In front of them, Arthur was rightfully stricken.
"How dare you?" But the words that came from him didn't suit. It wasn't how he should've sounded. "You forget who I am."
"I know exactly who you are!" Vargas spat this time. "You're the one who stole him from me, from his home, and locked him away behind your stupid charm! I felt him today- I felt that breath of familiarity and he was almost back and you sealed him off again!"
"I did not-"
"Don't you dare lie to me!"
Draco and Potter together gave him a hard shove and it was enough to make Vargas stumble back a few steps, the professor and the auror now protecting the student behind them. Lovino didn't make another go at the boy and Draco wanted only for the nerve to actually pull out his wand and match Potter, but it was all too tense, too ready to explode.
"Enough." He said, commanding his voice to be firm. "This is a school in crisis. I don't care what your connection to the Kirklands is, you're not to speak to any of my students like that." To speak and say it was somehow Arthur's duty to protect his classmate- an eerily similar charge Draco had heard Erikson complain about from James Potter. Students, children, their only obligation was to be protected.

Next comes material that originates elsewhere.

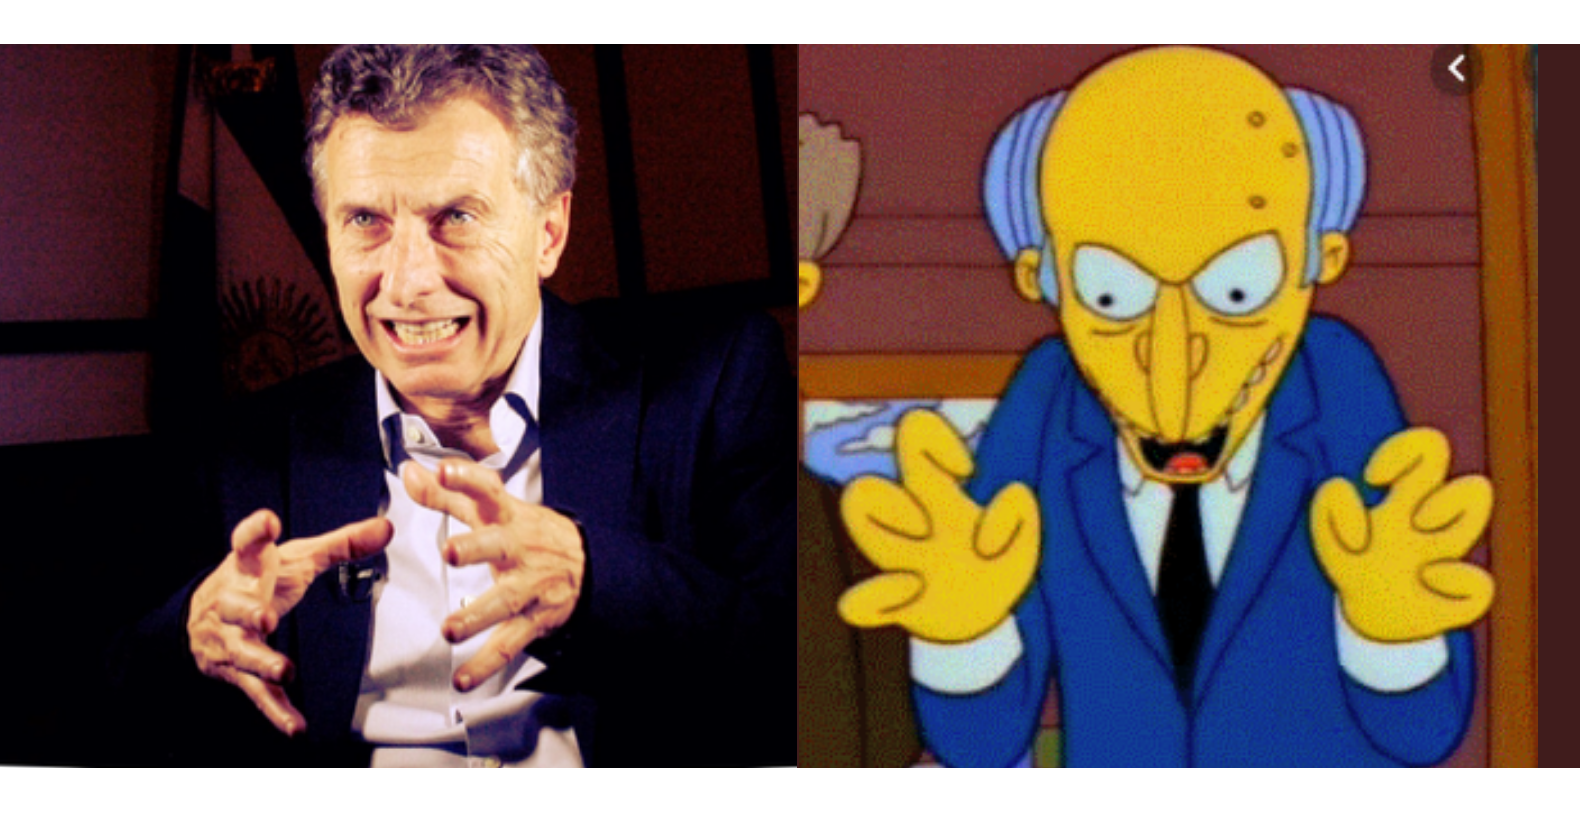 Unas cuantas fotos revelan el parecido de Mauricio Macri con el Señor Burns

"You're still going to explain yourself," Lovino hissed, firing between Draco and Harry and winding them both up even further. If only Arthur's answer hadn't been so bizarre:
"Erikson was injured and I went looking for him." How on earth could he have known something like that, let alone acted on it? "I got there right as the Revenant struck him down and I'm rather certain the charm was what let me stay present." What charm? What-? "I ran to find Feliciano but right as I did she came bearing down between us and we were separated. There was no contingency, we never thought-"

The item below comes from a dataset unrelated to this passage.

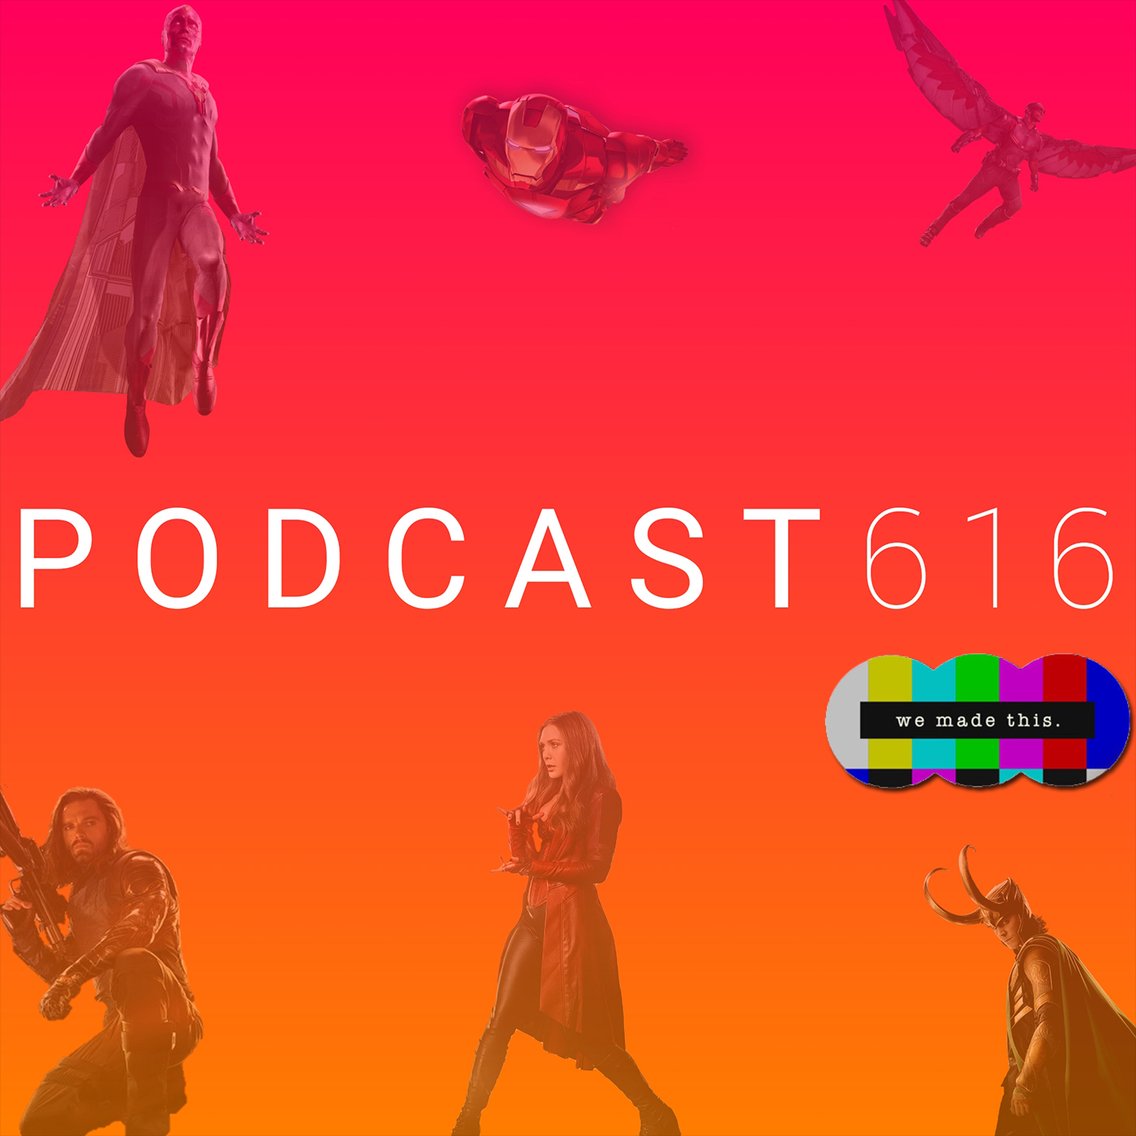 Podcast-616: A Marvel Universe Podcast - imagen de portada

"Because neither of you ever thought any of this through!" Vargas snapped again but Draco had turned and was looking at the Prefect behind him. Arthur was buckling, eyes cast to the side and his throat closing over and over as he searched for the right words. "You never had an escape plan! No exit strategy! Absolutely no tactical information what-so-ever, because you British Incompetents won't coordinate or cooperate with your own fucking government!"
"That's enough!" Harry shouted, but Vargas was too incensed.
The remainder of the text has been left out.